◆ **RECORDS SUPPLIED**:
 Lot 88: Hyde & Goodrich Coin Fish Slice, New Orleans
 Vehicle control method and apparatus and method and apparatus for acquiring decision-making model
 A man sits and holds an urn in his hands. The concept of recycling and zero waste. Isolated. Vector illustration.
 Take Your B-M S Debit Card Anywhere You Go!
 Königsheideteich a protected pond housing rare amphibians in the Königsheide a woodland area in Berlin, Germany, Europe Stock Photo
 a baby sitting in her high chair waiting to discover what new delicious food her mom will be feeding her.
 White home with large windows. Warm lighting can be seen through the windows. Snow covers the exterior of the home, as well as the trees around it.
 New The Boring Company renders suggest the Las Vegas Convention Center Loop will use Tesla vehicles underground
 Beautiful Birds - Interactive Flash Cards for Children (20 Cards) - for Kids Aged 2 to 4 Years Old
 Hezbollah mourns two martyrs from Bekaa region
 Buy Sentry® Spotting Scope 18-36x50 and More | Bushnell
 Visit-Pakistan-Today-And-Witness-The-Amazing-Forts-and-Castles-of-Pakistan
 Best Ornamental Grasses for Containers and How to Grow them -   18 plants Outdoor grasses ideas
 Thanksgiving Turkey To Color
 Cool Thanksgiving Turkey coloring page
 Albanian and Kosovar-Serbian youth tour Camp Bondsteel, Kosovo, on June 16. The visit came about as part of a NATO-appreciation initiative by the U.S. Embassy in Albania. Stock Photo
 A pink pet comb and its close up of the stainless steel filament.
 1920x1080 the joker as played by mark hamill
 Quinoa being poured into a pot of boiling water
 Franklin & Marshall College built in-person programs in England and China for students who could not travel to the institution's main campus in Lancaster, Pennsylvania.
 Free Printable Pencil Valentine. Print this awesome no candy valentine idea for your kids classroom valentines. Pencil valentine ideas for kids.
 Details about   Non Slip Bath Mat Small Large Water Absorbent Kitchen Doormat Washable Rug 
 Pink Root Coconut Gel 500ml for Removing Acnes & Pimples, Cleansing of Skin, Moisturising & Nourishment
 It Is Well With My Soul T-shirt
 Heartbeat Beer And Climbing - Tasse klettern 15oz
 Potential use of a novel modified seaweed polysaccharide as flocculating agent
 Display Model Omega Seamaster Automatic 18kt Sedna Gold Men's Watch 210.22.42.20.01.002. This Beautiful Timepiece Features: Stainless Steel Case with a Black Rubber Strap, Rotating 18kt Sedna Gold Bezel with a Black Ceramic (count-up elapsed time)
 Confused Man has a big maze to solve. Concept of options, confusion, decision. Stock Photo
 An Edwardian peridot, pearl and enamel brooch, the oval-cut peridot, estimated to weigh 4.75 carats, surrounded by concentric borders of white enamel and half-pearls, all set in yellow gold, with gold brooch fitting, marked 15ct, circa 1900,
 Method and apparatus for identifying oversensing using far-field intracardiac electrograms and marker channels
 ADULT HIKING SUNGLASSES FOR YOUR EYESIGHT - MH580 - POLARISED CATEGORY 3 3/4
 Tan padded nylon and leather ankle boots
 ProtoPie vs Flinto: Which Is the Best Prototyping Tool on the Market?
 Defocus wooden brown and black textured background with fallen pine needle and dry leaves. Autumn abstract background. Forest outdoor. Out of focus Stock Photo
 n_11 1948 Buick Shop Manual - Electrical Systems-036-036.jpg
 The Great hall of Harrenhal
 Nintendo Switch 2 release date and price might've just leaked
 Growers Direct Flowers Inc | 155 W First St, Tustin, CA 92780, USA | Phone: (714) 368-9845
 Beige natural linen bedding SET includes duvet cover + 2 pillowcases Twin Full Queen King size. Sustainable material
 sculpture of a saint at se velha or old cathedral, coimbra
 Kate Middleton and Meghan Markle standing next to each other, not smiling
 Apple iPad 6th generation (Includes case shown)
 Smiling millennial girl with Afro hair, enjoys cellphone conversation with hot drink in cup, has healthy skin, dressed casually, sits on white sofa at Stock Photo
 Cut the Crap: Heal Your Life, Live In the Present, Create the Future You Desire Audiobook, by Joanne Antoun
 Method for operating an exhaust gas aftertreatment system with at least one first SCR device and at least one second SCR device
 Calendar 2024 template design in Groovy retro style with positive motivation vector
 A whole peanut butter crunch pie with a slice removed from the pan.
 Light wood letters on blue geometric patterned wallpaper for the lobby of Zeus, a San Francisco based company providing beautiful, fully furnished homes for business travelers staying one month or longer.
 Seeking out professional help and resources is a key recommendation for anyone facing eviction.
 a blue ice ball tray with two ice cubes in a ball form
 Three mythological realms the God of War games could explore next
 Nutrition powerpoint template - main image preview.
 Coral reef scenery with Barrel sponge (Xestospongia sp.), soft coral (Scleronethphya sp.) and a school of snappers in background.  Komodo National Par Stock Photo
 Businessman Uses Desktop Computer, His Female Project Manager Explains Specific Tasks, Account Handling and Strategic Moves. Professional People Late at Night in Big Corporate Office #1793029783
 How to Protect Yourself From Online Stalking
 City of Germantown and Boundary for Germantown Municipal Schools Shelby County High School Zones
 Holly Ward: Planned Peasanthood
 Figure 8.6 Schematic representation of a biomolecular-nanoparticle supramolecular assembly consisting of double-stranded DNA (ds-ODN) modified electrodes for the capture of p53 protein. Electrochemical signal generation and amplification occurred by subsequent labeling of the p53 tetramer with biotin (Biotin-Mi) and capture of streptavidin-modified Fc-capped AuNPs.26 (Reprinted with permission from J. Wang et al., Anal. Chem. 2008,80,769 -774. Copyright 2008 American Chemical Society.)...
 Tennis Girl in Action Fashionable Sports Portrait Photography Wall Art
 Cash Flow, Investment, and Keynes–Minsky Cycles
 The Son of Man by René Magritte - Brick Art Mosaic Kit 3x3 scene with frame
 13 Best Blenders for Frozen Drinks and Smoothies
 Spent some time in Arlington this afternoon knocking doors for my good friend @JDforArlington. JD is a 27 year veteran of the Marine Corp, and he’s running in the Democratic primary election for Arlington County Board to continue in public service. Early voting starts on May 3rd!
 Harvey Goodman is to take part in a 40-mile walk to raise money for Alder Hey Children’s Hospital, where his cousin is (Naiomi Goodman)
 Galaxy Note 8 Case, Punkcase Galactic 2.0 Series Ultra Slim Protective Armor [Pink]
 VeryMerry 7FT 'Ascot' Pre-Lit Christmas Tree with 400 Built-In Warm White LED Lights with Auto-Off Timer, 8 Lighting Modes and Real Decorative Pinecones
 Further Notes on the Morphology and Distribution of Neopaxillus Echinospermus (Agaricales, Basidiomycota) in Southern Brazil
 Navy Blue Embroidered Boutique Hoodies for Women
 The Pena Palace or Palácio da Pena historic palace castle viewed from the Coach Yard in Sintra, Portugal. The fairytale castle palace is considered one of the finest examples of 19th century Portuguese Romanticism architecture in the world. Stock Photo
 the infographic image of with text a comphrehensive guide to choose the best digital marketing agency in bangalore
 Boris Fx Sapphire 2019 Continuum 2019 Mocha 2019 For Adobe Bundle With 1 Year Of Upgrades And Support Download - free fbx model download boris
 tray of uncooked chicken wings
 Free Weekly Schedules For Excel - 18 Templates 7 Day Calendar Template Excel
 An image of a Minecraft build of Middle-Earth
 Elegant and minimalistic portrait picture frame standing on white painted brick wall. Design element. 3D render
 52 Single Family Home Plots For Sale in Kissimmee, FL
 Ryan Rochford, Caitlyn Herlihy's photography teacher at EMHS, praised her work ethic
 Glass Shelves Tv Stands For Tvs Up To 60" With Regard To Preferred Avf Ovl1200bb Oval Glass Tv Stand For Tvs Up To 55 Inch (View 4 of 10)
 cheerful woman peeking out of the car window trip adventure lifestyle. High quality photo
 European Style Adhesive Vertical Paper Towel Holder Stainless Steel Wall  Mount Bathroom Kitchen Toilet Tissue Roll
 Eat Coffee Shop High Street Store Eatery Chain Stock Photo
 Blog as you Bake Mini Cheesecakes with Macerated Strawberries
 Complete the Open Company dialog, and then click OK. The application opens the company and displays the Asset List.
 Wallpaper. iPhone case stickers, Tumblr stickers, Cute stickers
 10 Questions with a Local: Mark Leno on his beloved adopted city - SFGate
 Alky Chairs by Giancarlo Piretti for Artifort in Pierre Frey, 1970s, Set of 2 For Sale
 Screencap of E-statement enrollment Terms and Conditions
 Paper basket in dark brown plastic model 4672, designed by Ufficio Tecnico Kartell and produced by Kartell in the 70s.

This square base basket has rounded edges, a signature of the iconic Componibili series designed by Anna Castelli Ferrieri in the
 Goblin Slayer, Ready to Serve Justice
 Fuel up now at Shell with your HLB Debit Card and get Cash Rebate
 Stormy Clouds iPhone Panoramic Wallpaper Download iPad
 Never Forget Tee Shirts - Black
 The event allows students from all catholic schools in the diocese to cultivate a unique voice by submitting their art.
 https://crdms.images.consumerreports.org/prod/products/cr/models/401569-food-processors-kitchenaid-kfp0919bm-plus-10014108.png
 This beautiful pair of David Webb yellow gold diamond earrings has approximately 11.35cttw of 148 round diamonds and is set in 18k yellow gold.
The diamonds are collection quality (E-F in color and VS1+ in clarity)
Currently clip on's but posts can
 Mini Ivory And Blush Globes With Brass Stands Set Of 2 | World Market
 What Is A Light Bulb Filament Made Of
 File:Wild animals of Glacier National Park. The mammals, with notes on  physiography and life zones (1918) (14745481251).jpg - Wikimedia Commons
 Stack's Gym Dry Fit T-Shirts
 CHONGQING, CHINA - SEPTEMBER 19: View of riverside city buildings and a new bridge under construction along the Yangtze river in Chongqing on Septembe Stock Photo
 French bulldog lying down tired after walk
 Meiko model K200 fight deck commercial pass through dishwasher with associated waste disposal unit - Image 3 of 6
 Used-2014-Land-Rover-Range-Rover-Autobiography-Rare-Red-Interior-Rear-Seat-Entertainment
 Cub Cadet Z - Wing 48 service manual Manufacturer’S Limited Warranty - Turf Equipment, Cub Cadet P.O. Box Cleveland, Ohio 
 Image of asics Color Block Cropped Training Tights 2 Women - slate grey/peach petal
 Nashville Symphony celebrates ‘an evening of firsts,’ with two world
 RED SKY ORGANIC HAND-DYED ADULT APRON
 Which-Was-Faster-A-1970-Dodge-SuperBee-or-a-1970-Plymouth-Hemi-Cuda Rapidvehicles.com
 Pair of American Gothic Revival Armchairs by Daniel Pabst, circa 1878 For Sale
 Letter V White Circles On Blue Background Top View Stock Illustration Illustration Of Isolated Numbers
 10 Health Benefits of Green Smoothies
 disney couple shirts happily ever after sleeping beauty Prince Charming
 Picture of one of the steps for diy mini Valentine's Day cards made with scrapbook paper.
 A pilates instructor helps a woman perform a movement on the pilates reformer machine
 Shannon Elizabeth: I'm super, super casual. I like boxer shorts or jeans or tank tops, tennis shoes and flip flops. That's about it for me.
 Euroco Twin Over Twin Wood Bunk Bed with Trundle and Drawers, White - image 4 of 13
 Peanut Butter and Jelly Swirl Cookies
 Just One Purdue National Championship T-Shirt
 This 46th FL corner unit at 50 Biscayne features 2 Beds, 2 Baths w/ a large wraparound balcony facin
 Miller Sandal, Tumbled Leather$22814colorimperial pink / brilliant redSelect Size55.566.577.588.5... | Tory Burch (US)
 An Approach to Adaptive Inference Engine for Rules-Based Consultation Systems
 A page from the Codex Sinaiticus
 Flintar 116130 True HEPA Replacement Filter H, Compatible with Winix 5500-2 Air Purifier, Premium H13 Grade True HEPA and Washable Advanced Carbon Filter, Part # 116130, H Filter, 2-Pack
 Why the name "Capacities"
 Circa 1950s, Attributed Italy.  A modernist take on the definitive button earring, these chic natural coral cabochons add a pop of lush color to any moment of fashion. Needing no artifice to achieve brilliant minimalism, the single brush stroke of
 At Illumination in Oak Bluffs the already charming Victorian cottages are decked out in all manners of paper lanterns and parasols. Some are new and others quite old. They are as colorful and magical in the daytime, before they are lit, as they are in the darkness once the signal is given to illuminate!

◆ **WORK INSTRUCTIONS**:
Search the records above for the word "ADULT" and give the number of lines where it occurs, nothing else.

◆ **RESULT OF THIS TASK**:
2